Полистав толстую пачку компьютерных распечаток, пестрящих цифрами и трудными англосаксонскими фамилиями, генсек брезгливо потер пальцы и буркнул:
- У меня нет времени читать такие справки.
Мне нужно короткое р и з ю м э. Давайте еще поработайте, развейте там, с товарищами, обозначьте...
Завтра жду вас, генерал, в это же время.
Начальник Управления посмотрел на часы и хладнокровно заметил:
- Завтра не смогу. Завтра ко мне должен подъехать генерал Медведев из КГБ, из Девятого управления. Обсудим аспекты безопасности вашего визита. Кстати, если вам интересно, товарищ Генеральный секретарь... На седьмое декабря, по нашим источникам, готовится покушение на вас, Рейгана и Буша. Наши структуры в Америке вышли на организаторов и исполнителей покушения. И готовы их нейтрализовать. Как прикажете действовать? Передать информацию американским коллегам или обойтись своими силами?
"Начальник СССР" долго молчал. Потом спросил тихо:
- А вы могли бы своими силами? В чужой стране?
- Страна-то не совсем чужая, - усмехнулся генерал.
- И все же пусть американцы. Сами. А вот почему КГБ до сих пор не доложило об этом? Манкирует?
- У Комитета другие возможности, товарищ Генеральный секретарь.
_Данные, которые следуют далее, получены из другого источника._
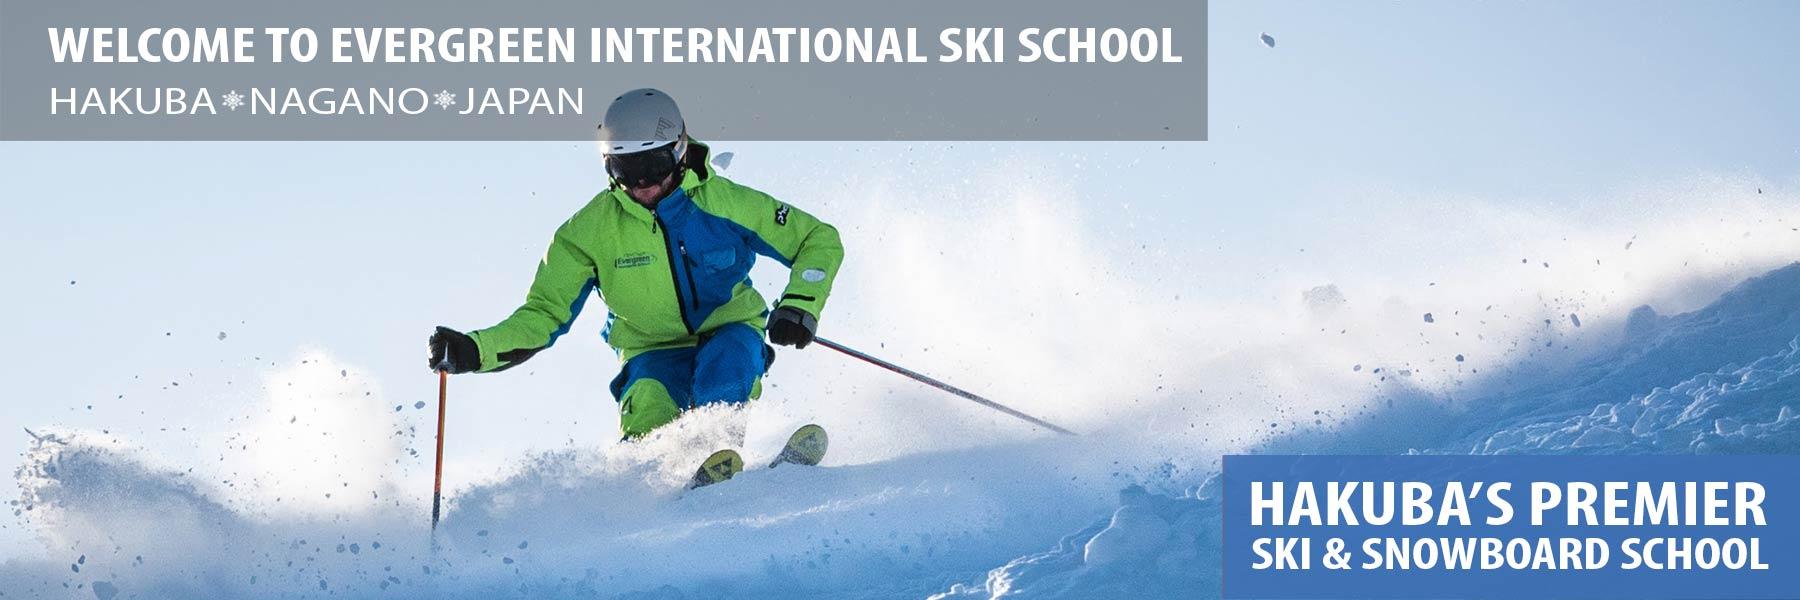 hakuba ski school header - powder skiing in japan

Покушение на президентов было сорвано. Больше генсек не заикался о ненужности Управления.
9
"В последнее время, несмотря на многочисленные шумные скандалы и более чем 200 (!) уголовных дел, махинации с фальшивыми кредитными авизо - один из супервыгодных видов мошенничества.
Только в Москве сотрудниками регионального управления по организованной преступности выявлены три группы банковских аферистов, облегчивших казну на несколько миллиардов...
Сегодня расследование продолжается, но наказать "фигурантов" или вернуть деньги, как водится, вряд ли удастся. Украденные миллиарды превращены в товар, а товар увезен".
В. Белых.
"Чеченский след" украденных миллиардов".
"Известия",
1993, 29 апреля.
- Какие планы на выходные, Николай Андреевич? - подошел вечером к Толмачеву вундеркинд Олейников.
- Как всегда - стирка, уборка, здоровый сон.
- Стирка? - изумился Гога. - Шутите...
- Хорошо тебе за родительской спиной, - улыбнулся Толмачев. Презренные бытовые заботы не омрачают, прямо скажем, сияющие горизонты. Молодая у тебя небось мама-то? Ну вот... Значит, тебе, паренек, еще дол го не придется задумываться, откуда, черт возьми, берутся чистые рубашки. Потом жена подхватит трудовую эстафету. А мне надо ухаживать за собой самому.
- Жаль, жаль... Хотел на шашлыки пригласить.
Тут по Киевской дороге есть одно местечко!
- Какие шашлыки, Гога! Зубов нет.
- Старая дача, в лесу. Вообще за городом сейчас хорошо, все зеленеет.
- Ага, травка зеленеет, солнышко блестит...
По-моему, Плещеев.
- И телки будут. Вы как насчет телок, Николай Андреевич? Еще интересуют?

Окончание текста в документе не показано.